Robert at Thoughts of a Father is trying his hand at a photo meme. He has named it Show Me and each day he will ask us to "show him" a specific place or thing. Today is Day4 and the theme is "something that has sentimental value to you." I'm also posting my front door since I skipped yesterday.
This is my front door from the inside. It is one of Angel's life dreams to escape out this door. This means that I keep a small window screen across the bottom to make sure she stays in. So far it has worked, although it makes coming IN rather inconvenient for others. The mask on the far wall is a special treasure I got when I visited Jamaica many years ago. The butterfly on the other side, I got in Aruba, though I think it was made in Venezuela.

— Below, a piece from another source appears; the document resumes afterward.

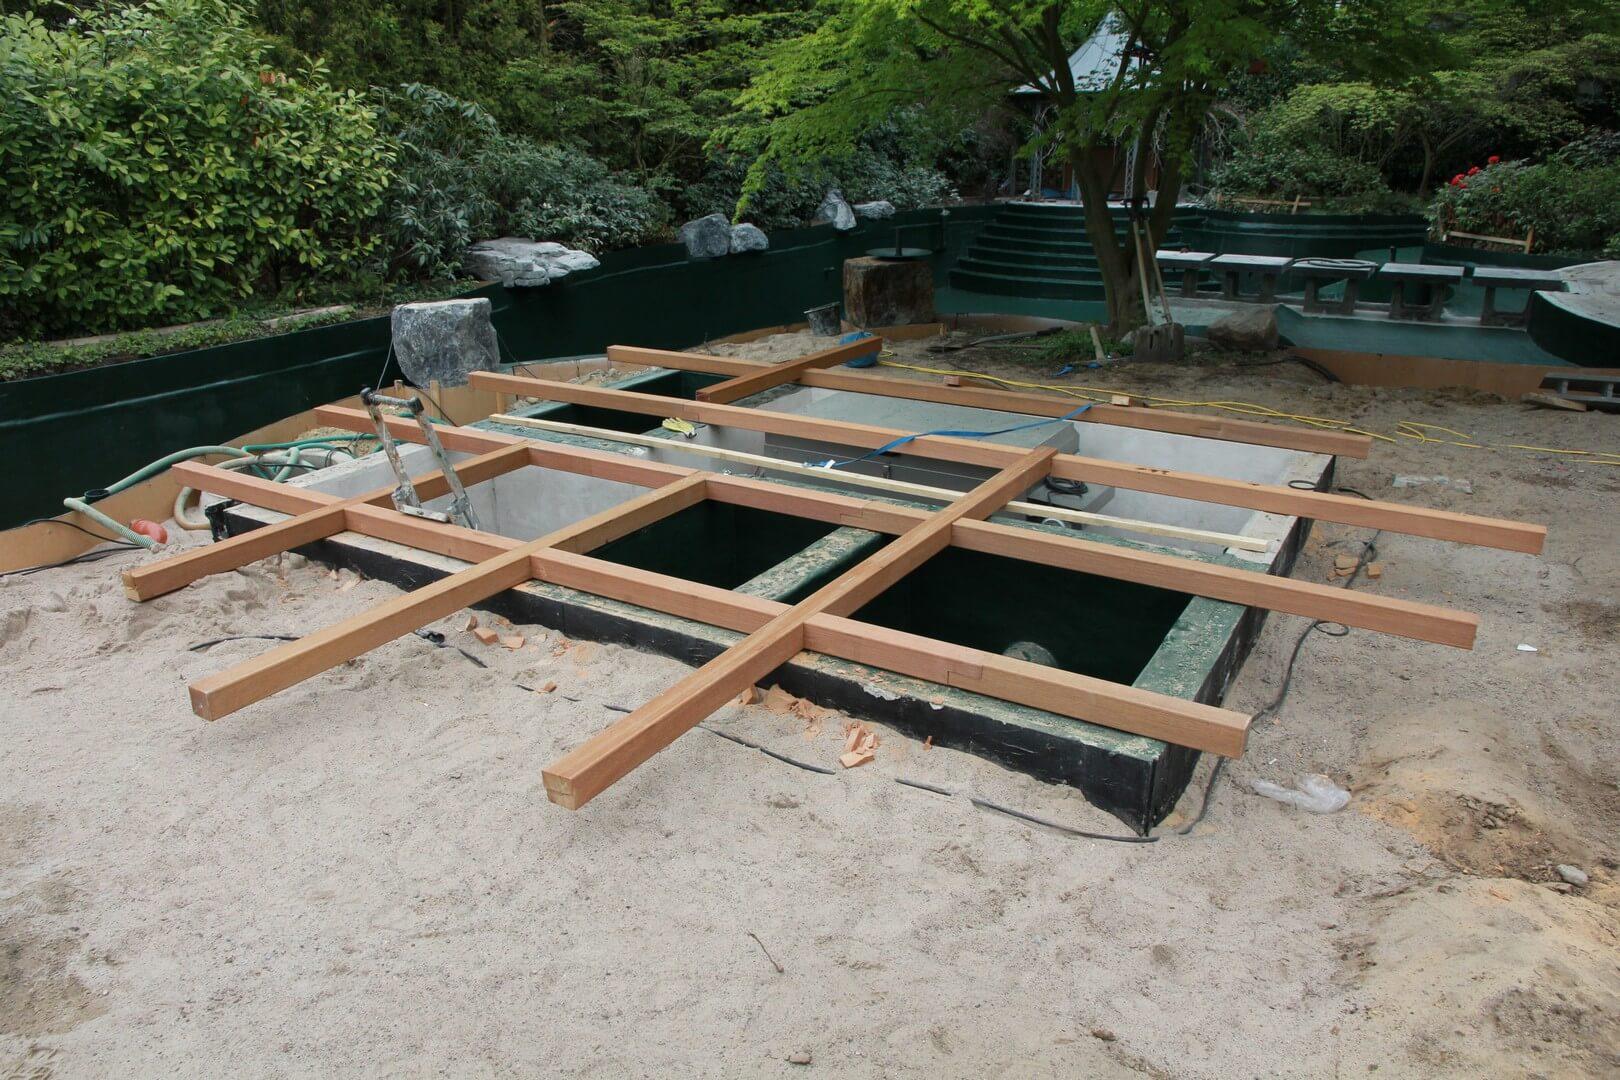 Schwimmteich - Mit Holz den Teich im Garten ergänzen | HOLZwelten

Oddly, I'm having a hard time with finding something "sentimental." I used to think of myself as very sentimental, but I'm really not so much that way any more. Maybe it's an age thing. Maybe it's because when I was forced to move 5 times in 5 years I had to let go of a lot of things. Maybe it's because the little knick-knacks and things that are special "treasures," are physically difficult for me to maintain these days. They feel less like treasures than they used to, more like dusty things that make me ashamed of my inability to care for them. Here are a few of them, though.

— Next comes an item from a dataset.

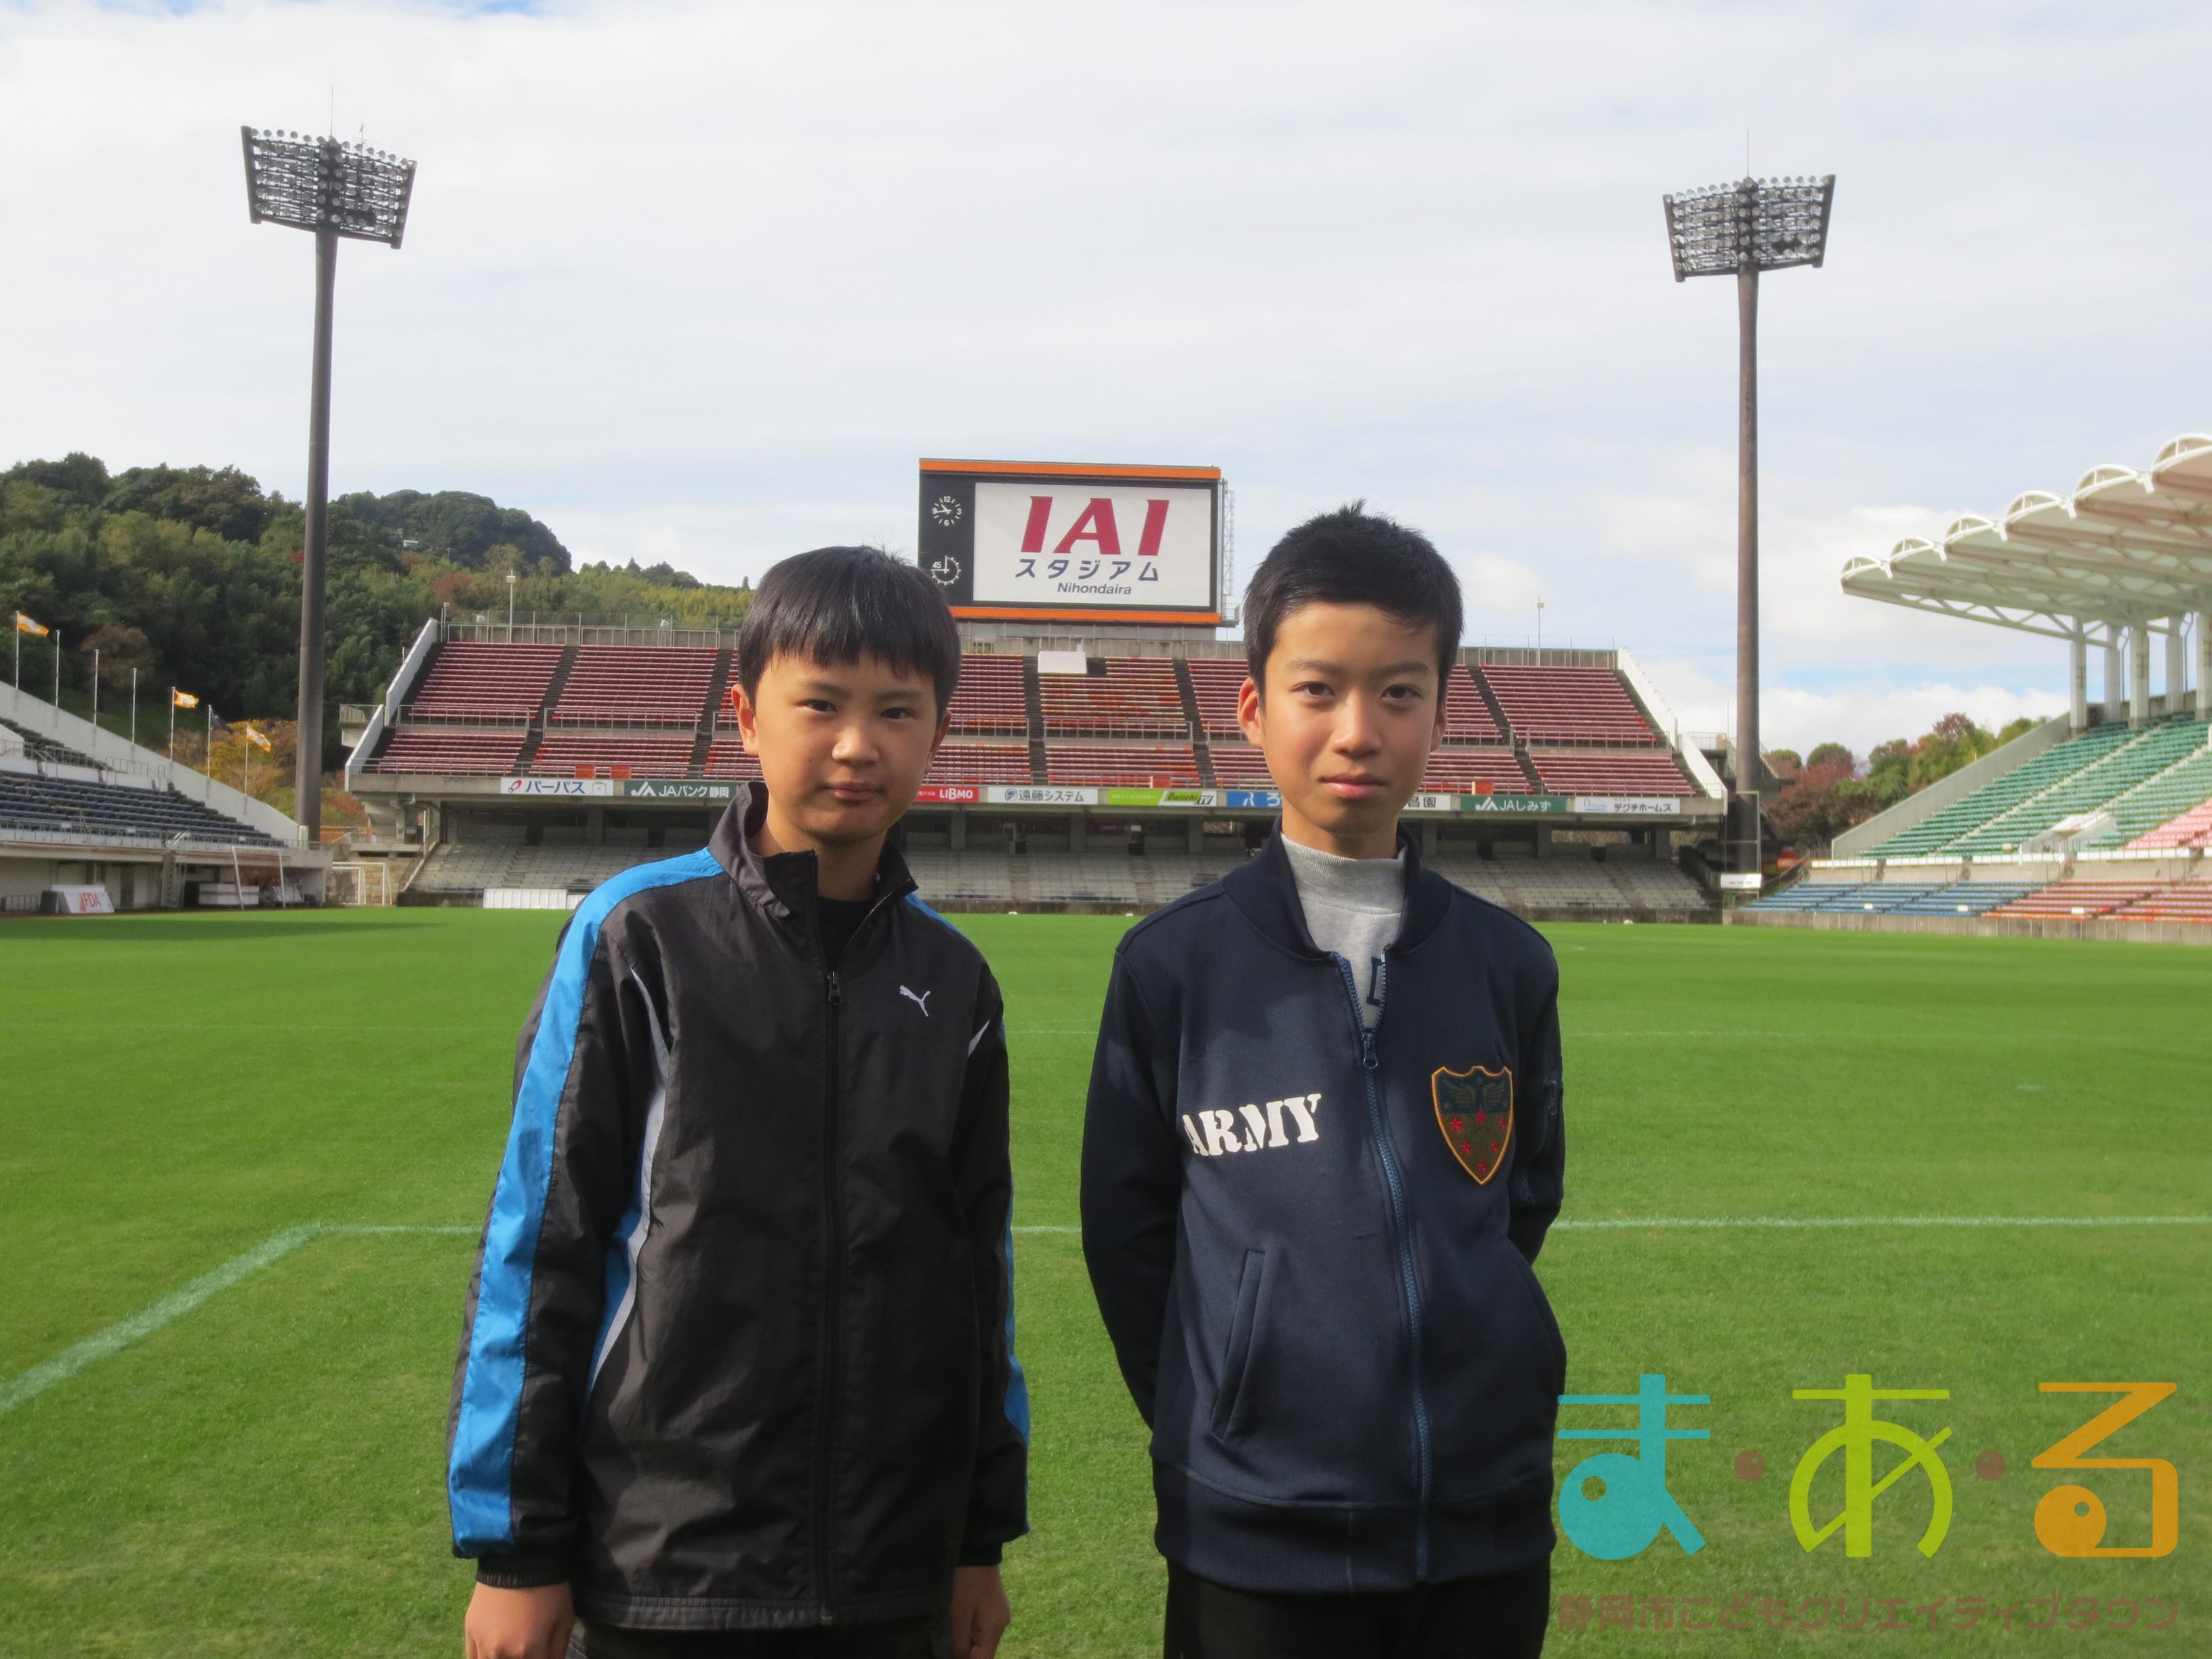 2017年11月23日IAIスタジアム日本平の裏側をのぞいてみよう

The little lamb is almost as old as I am. It's kind of ugly, but I've had it since I was a little child back in the Dark Ages. Next to the lamb is a Thai Demon Guard. It was given to me by a friend of mine in New York after she returned from the trip of a life-time to Thailand. You're supposed to hang in facing the front door and it keeps demons out. Seems to be working. It's been watching over me and mine for about 25 years now and is one of the first things I hang when I move into a new place. Below the little lamb is the only one of my mother's Hummel's I've kept. Back before my sentimentality began to wane I had about 11 of them. The rest (she had quite a few) were shared out to my brother and my sister's children. This little angel has a broken wing but I'm very fond of her anyway. Next to the angel is an eskimo carving that my sister's children pooled in on many years ago. Besides the fact that I like it, it's a gift from the three of them and that makes it special. The elephants on the bottom row belonged to my mother too. She loved elephants and this is one I gave her... mother and child. What I wanted from my mother but never quite got, I guess. The last item is a little ornament. I'm not sure where it came from. It's a lute, but it makes me think of my father who played the mandolin. A big part of my relationship with my father centered around music. I would sit at the piano and play and sing and he would play his mandolin. He was often drunk for these sessions and there was a lot of complex family drama around them, but they are none-the-less among my happier memories. I really miss having a piano. So that's my journey into sentimentality.